The voluntary differs from the coercive in degree, not in kind.

[I][t seems useful to treat the concepts of coercion and non-coercion not as a dichotomy but as points on a continuum….By this definition, some but by no means all or even most power is coercive, initially or “ultimately.”

According to Etzioni, when (classical) liberals wish to evaluate power negatively, they label it “coercion.” But a correct understanding of power explodes this deceptive tactic. Power exists on a continuum; what liberals call “coercion” is simply a highly effective kind of persuasion.

Proponents of this view concede that the armed robber may be acting immorally or unjustly, but they maintain that our normative judgments should not warp our descriptive sociological analyses, which should be value-free. Thus if we view the state as using, not coercion (which has negative connotations), but an effective kind of persuasion, then a libertarian analysis of the state as a strictly coercive institution will not hold up. The “persuasive” methods employed by the state would differ from voluntary social institutions only in degree, not in kind.

Whether the libertarian distinction between coercion and persuasion is entirely value-free is a complex issue that I may consider at a later time (when I discuss the relation of values to the human sciences generally). For now I shall consider some implications of the argument that the mere threat of physical violence, properly considered, is a type of voluntary persuasion, since threats still leave the victim “free” to choose among alternatives.
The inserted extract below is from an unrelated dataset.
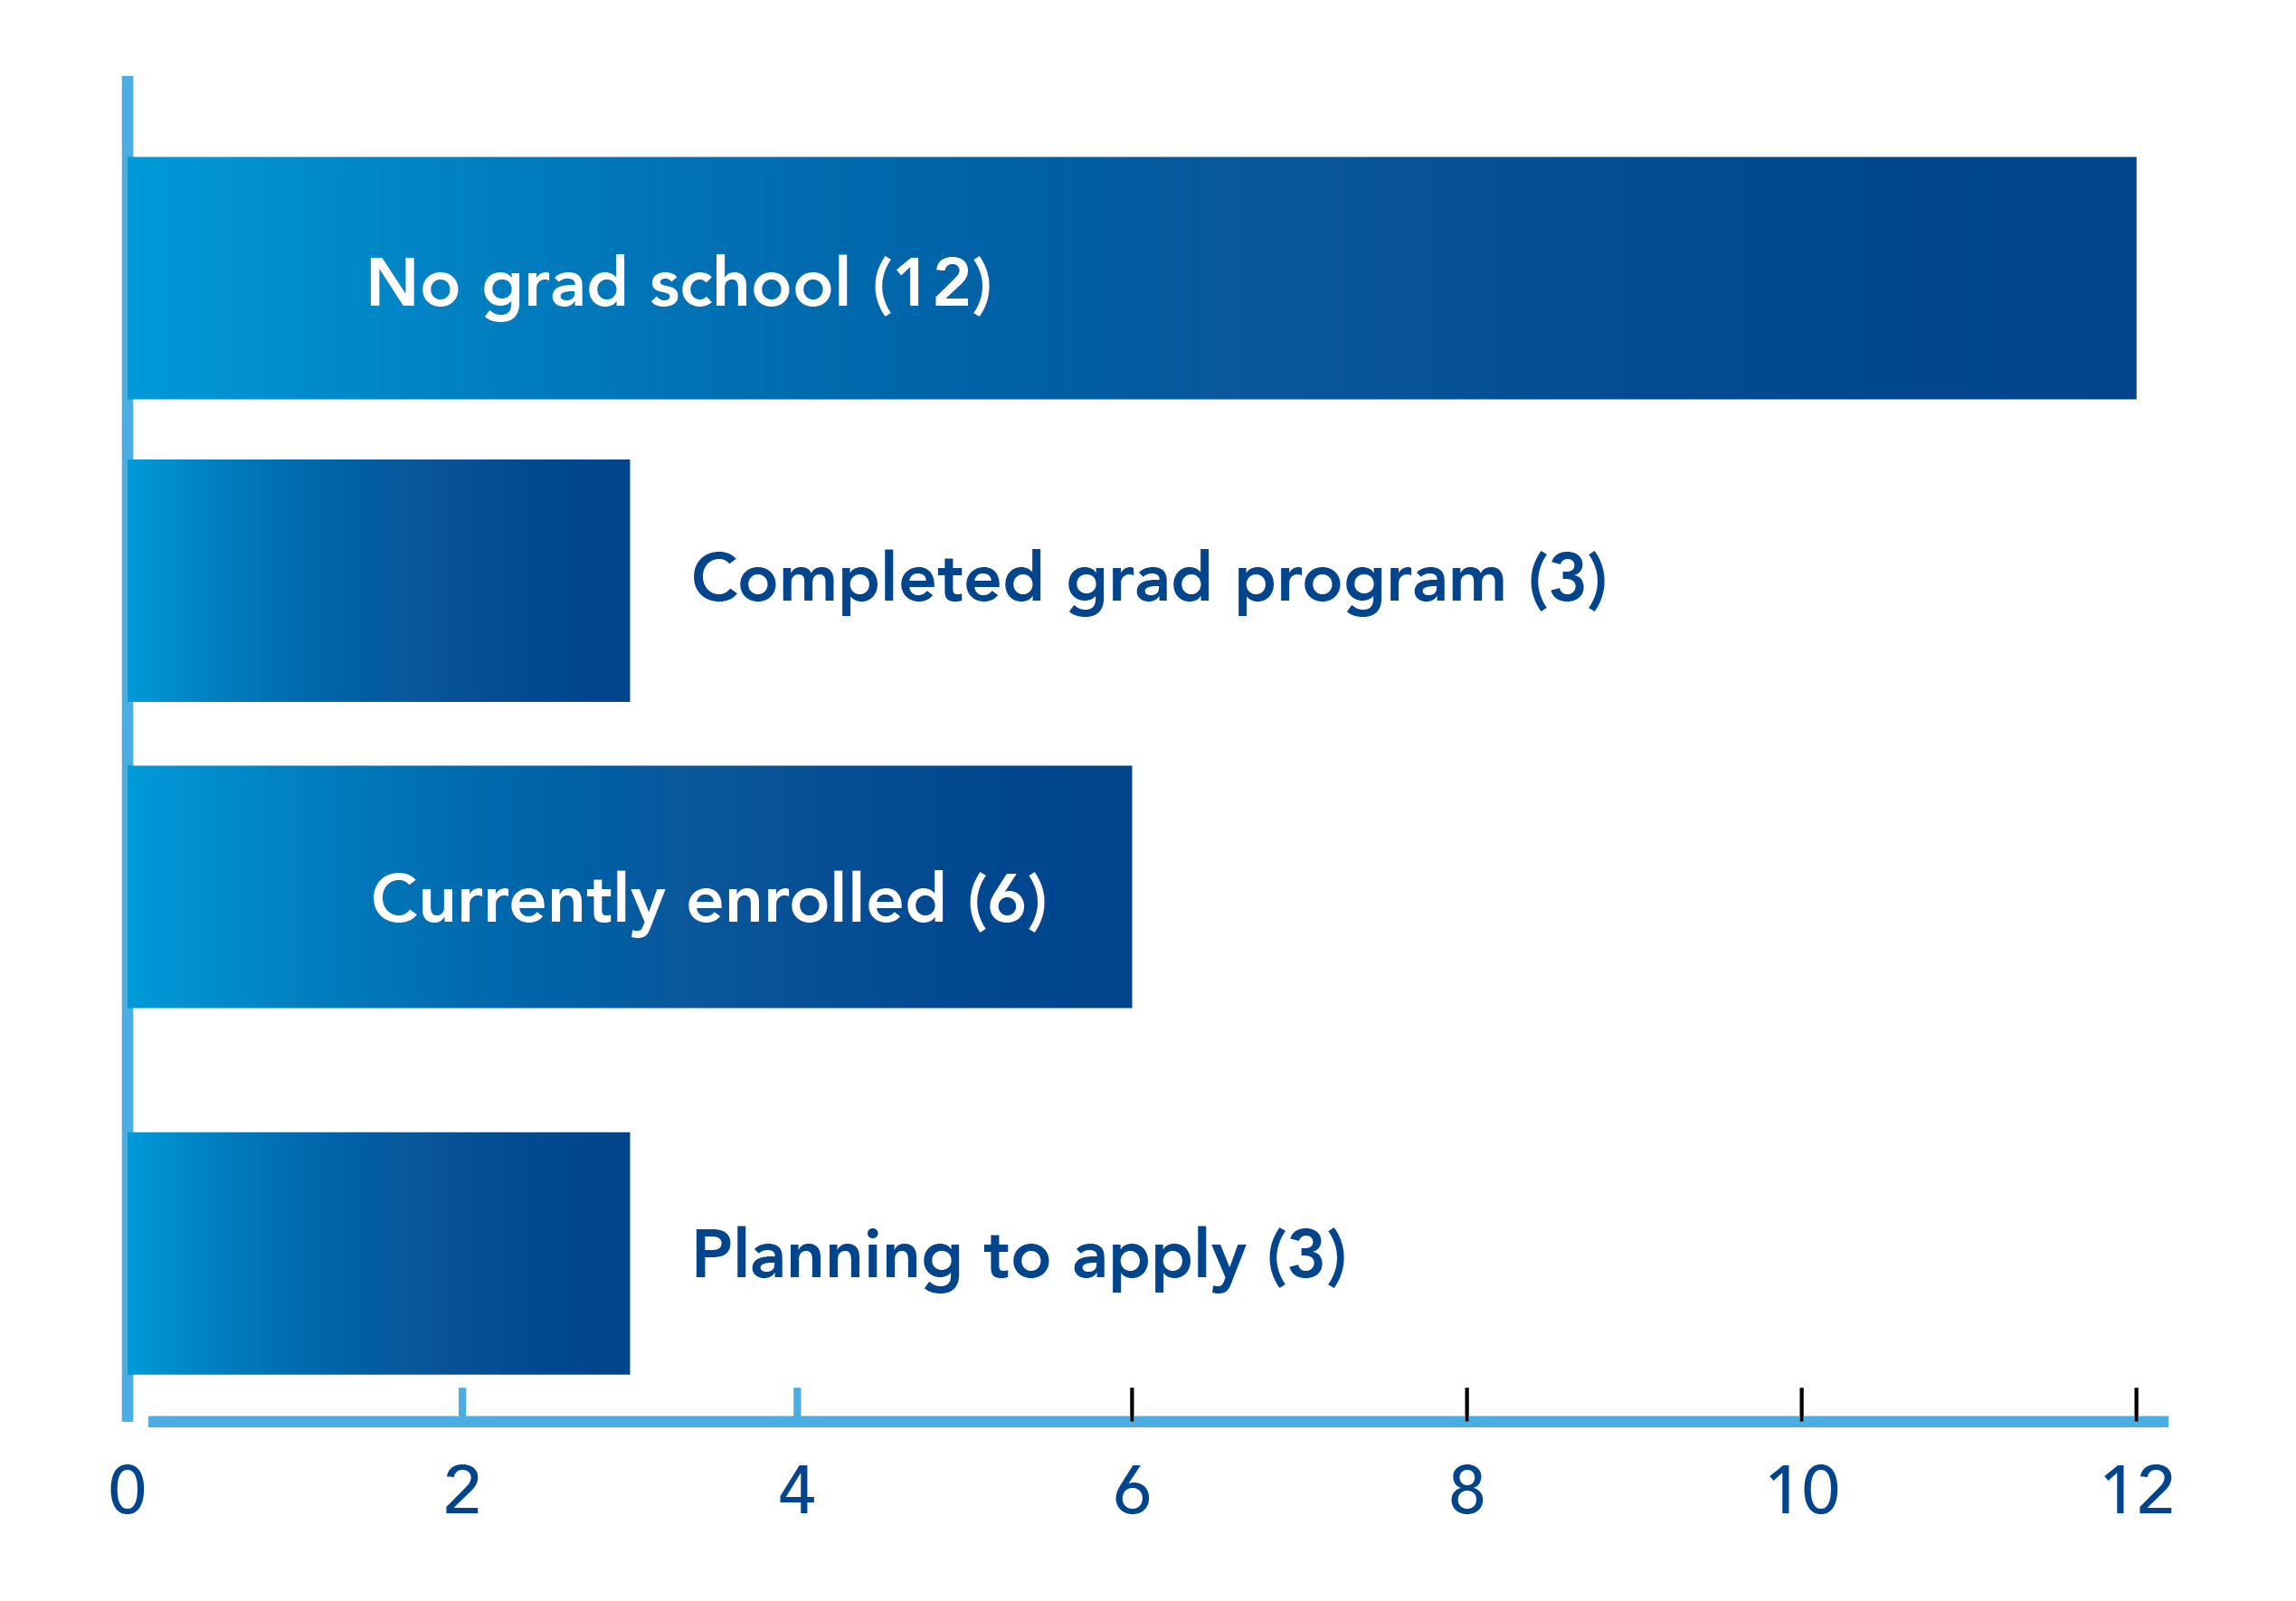 Bar Chart. No grad school (12), Completed grad program (3), Currently enrolled (6), Planning to apply (3).

If we wish to view threats of physical force as just another kind of persuasion, then we should consider the following points. Let’s begin with the influential discussion of the “state” by the celebrated sociologist Max Weber (1864-1920).
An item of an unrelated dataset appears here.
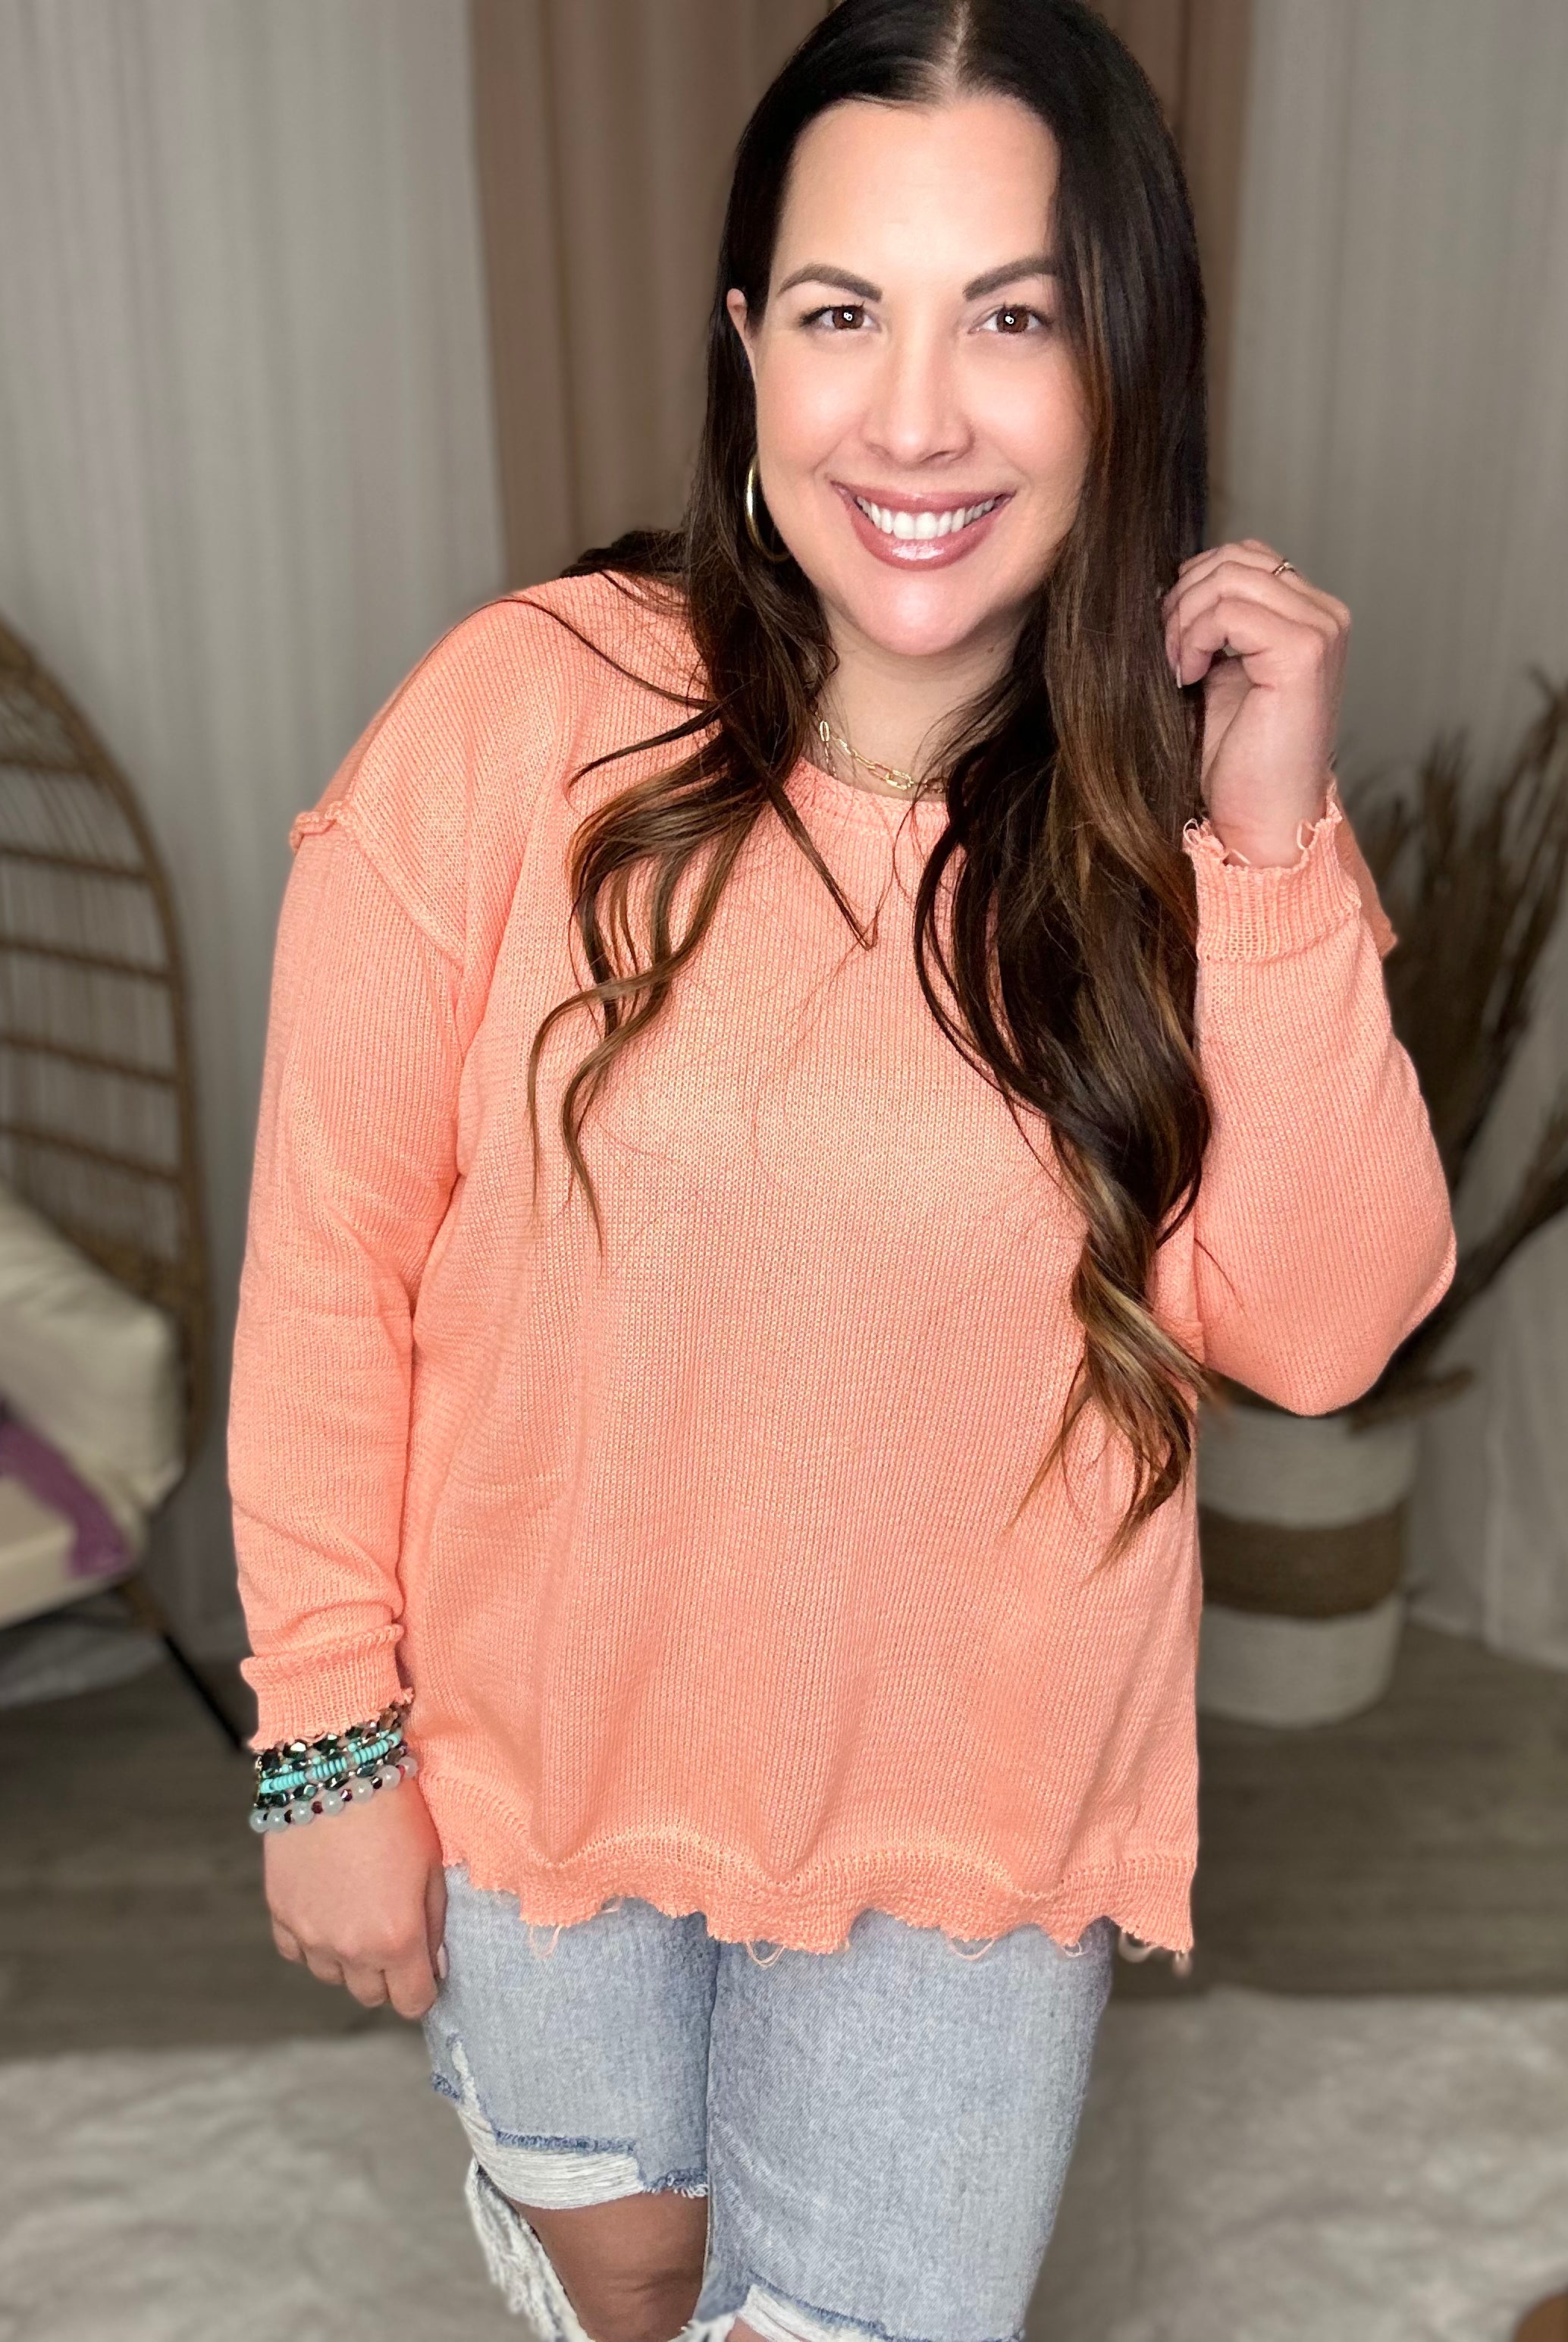 RESTOCK: Piece Of Me Sweater-125 Sweater-Easel-Heathered Boho Boutique, Women's Fashion and Accessories in Palmetto, FL

(1) Max Weber maintained that we should not define the state in terms of its ends (i.e., what it attempts to do) because many tasks have been undertaken by a state at one time or another, and no one task has ever been pursued exclusively by the state. Weber concluded: “Ultimately, one can define the modern state sociologically only in terms of the specific means peculiar to it, as to every political association, namely, the use of physical force.”

Weber pointed out that physical force is not the only method employed by states, but force is their distinctive mode of operation.

[A] state is a human community that (successfully) claims the monopoly of the legitimate use of physical force within a given territory. Note that “territory” is one of the characteristics of the state. Specifically, at the present time, the right to use physical force is ascribed to other institutions or to individuals only to the extent that the state permits it. The state is considered the sole source of the “right” to use violence.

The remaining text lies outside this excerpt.